=== Task to carry out ===
The reply should hold only the lines from the one with "Polly Jeans in Blue Wash-5" to the one with "Printable Map Of Europe And Asia In The 1900", both ends kept, exactly as they appear below, without any pictures.

=== Supplied entries ===
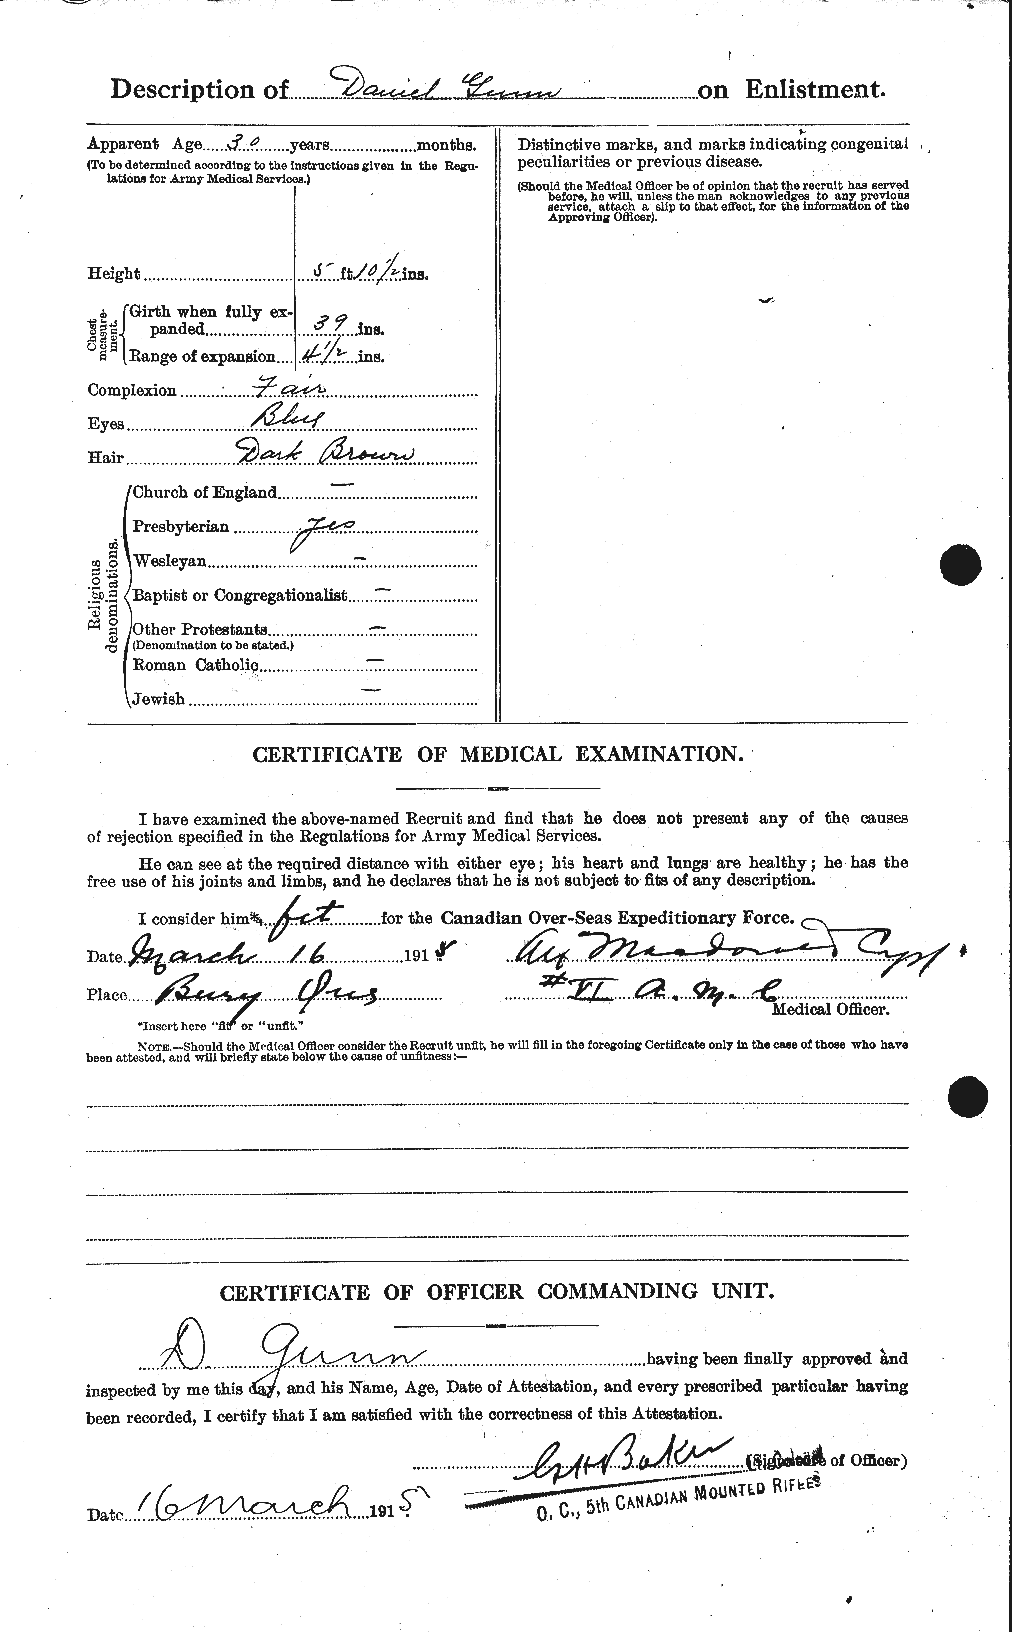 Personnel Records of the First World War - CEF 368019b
---
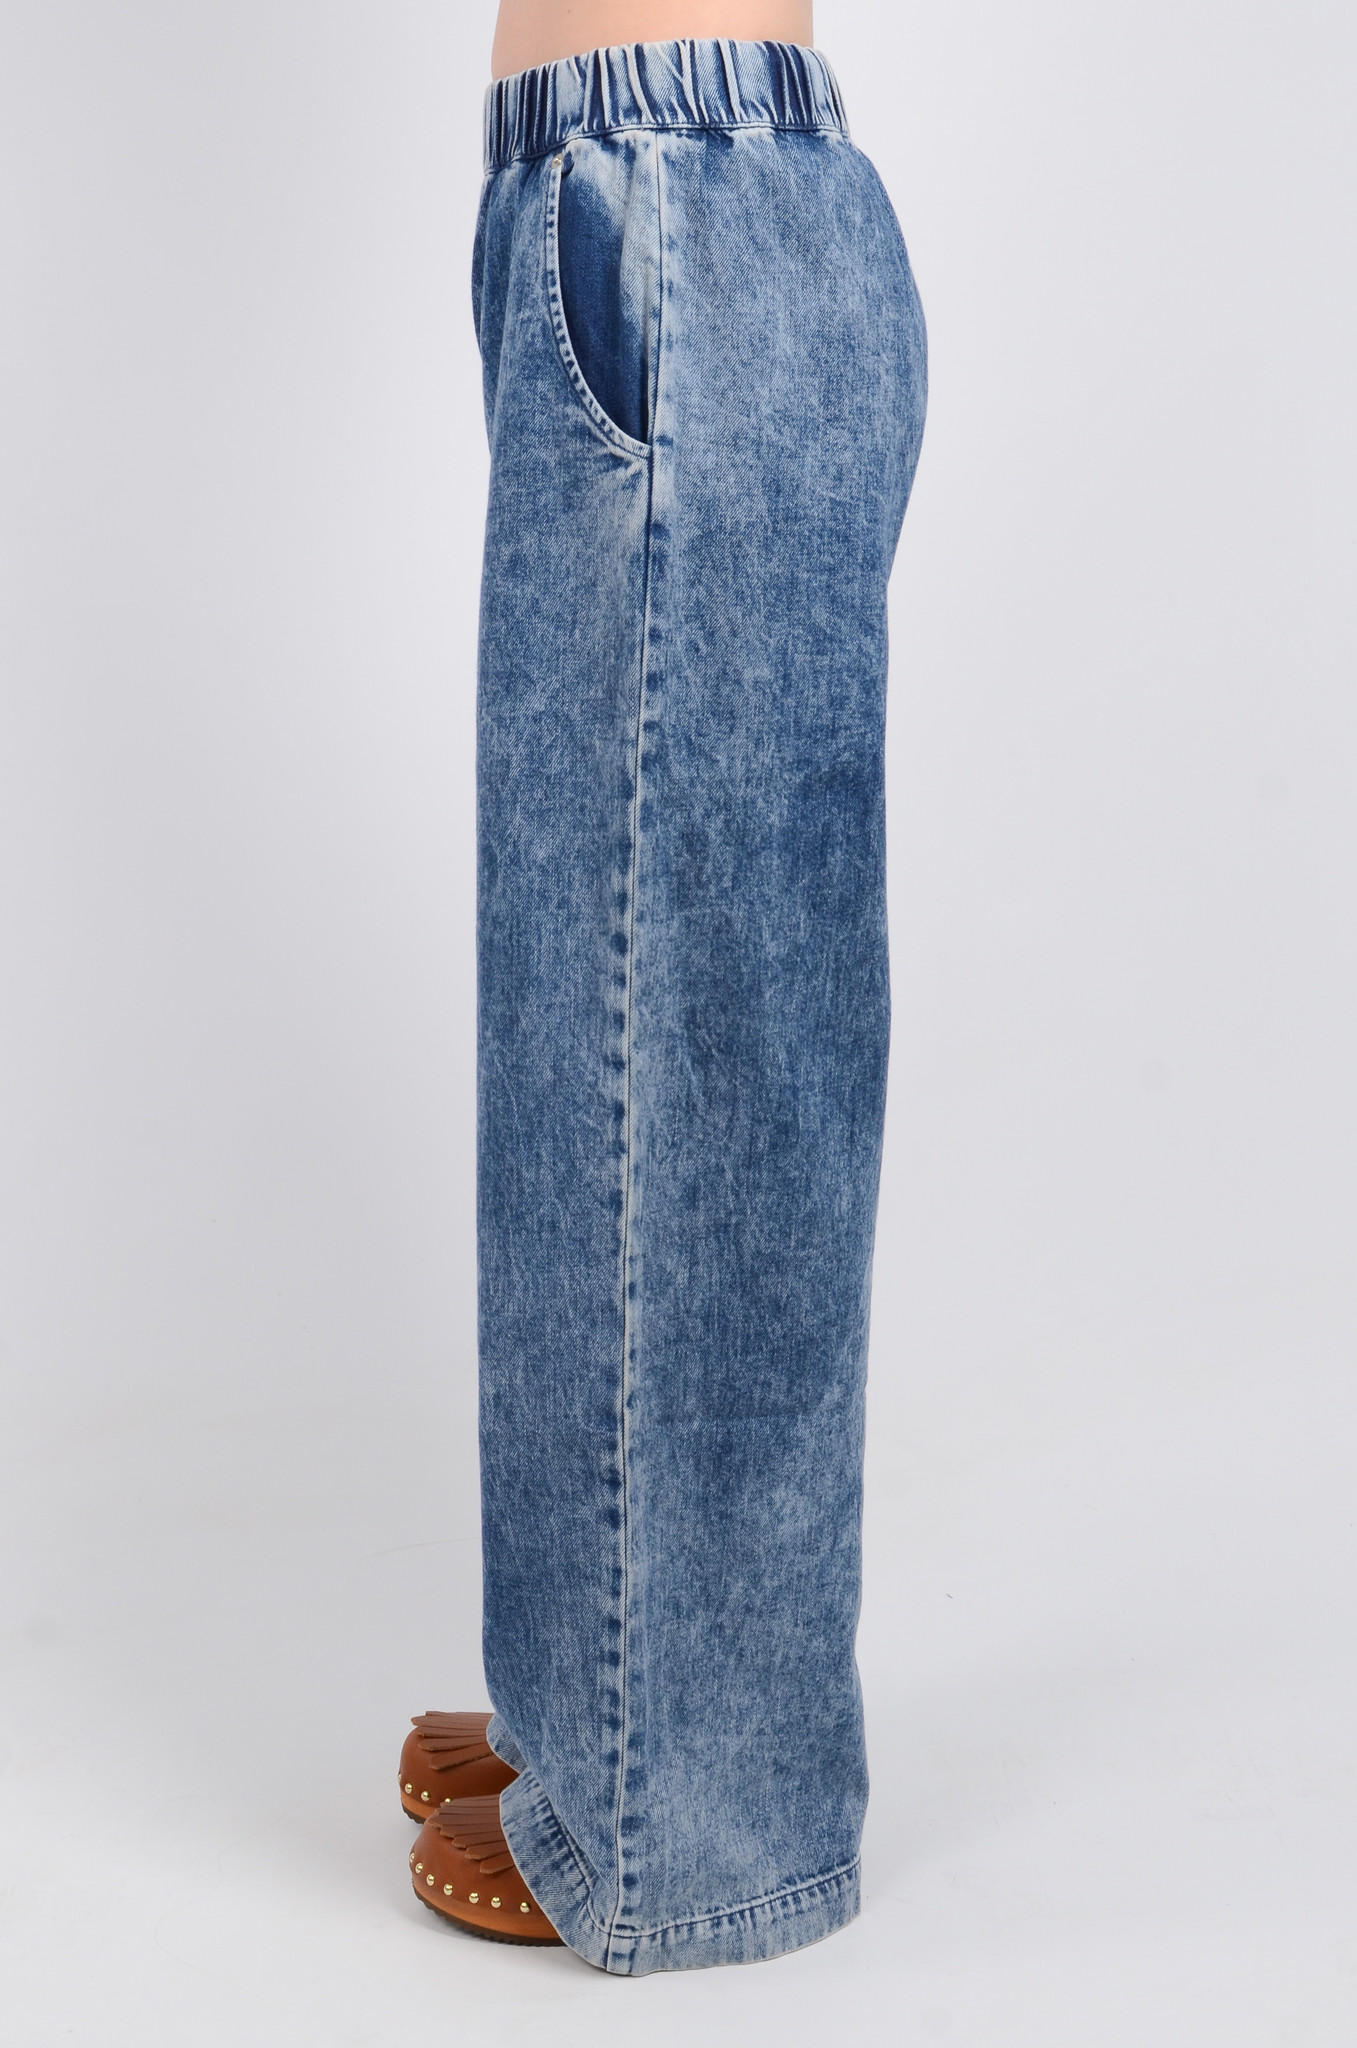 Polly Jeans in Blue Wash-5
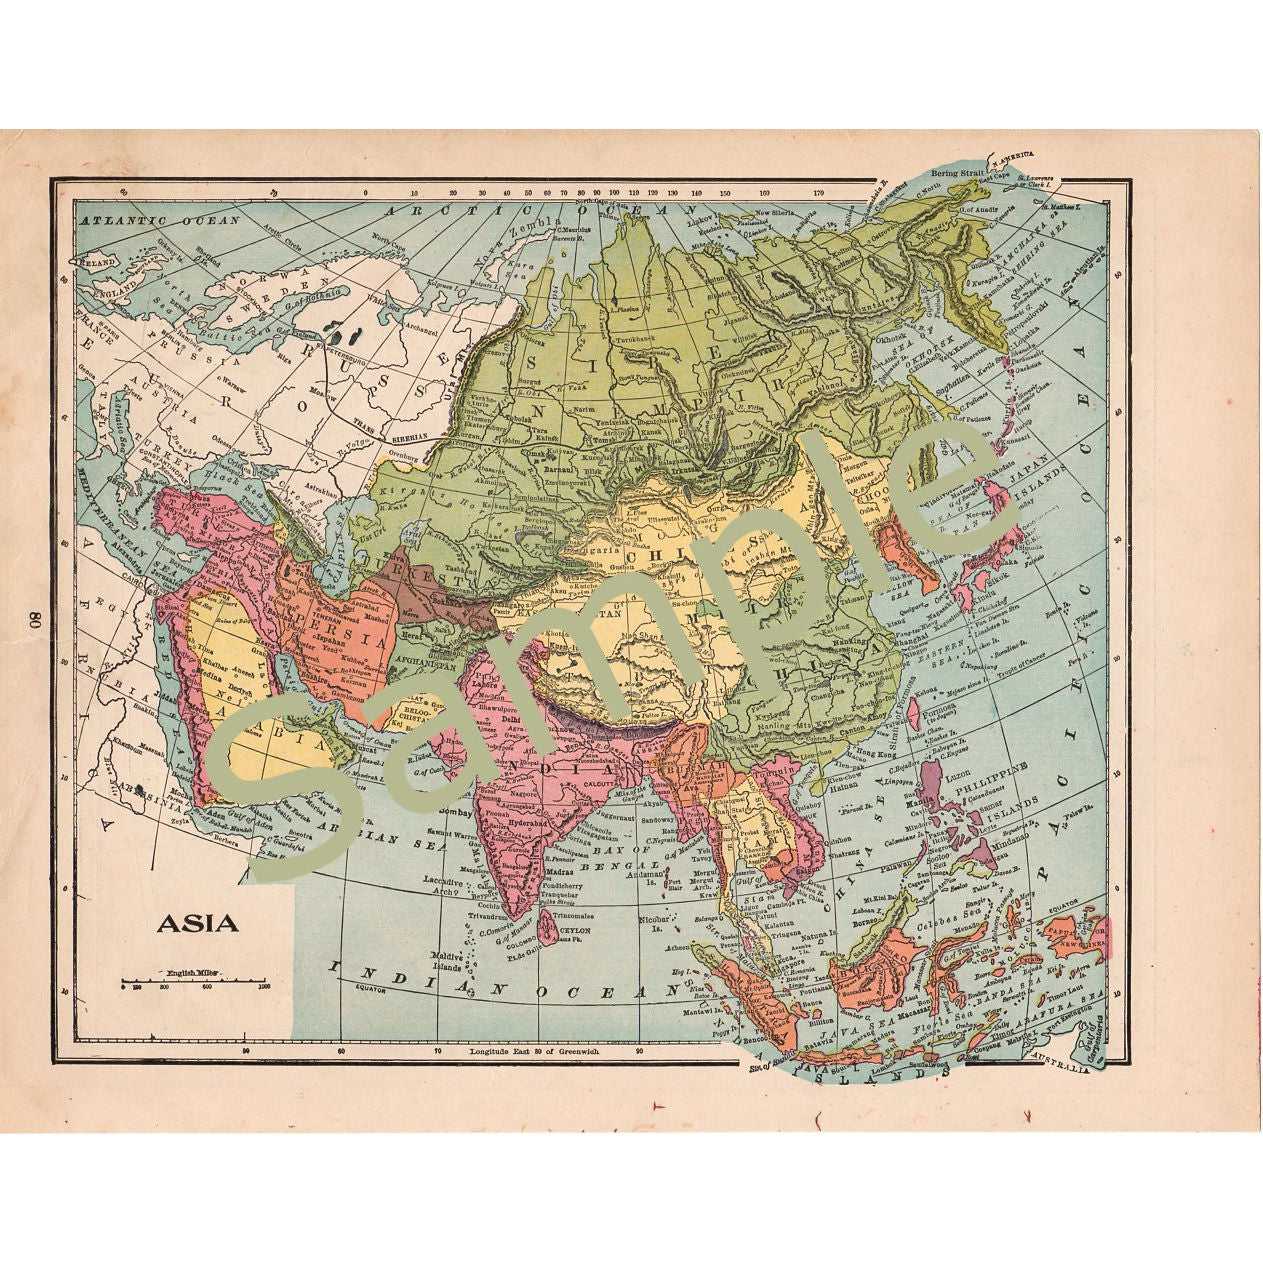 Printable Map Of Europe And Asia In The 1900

=== Answer to this task ===
 Polly Jeans in Blue Wash-5
 Printable Map Of Europe And Asia In The 1900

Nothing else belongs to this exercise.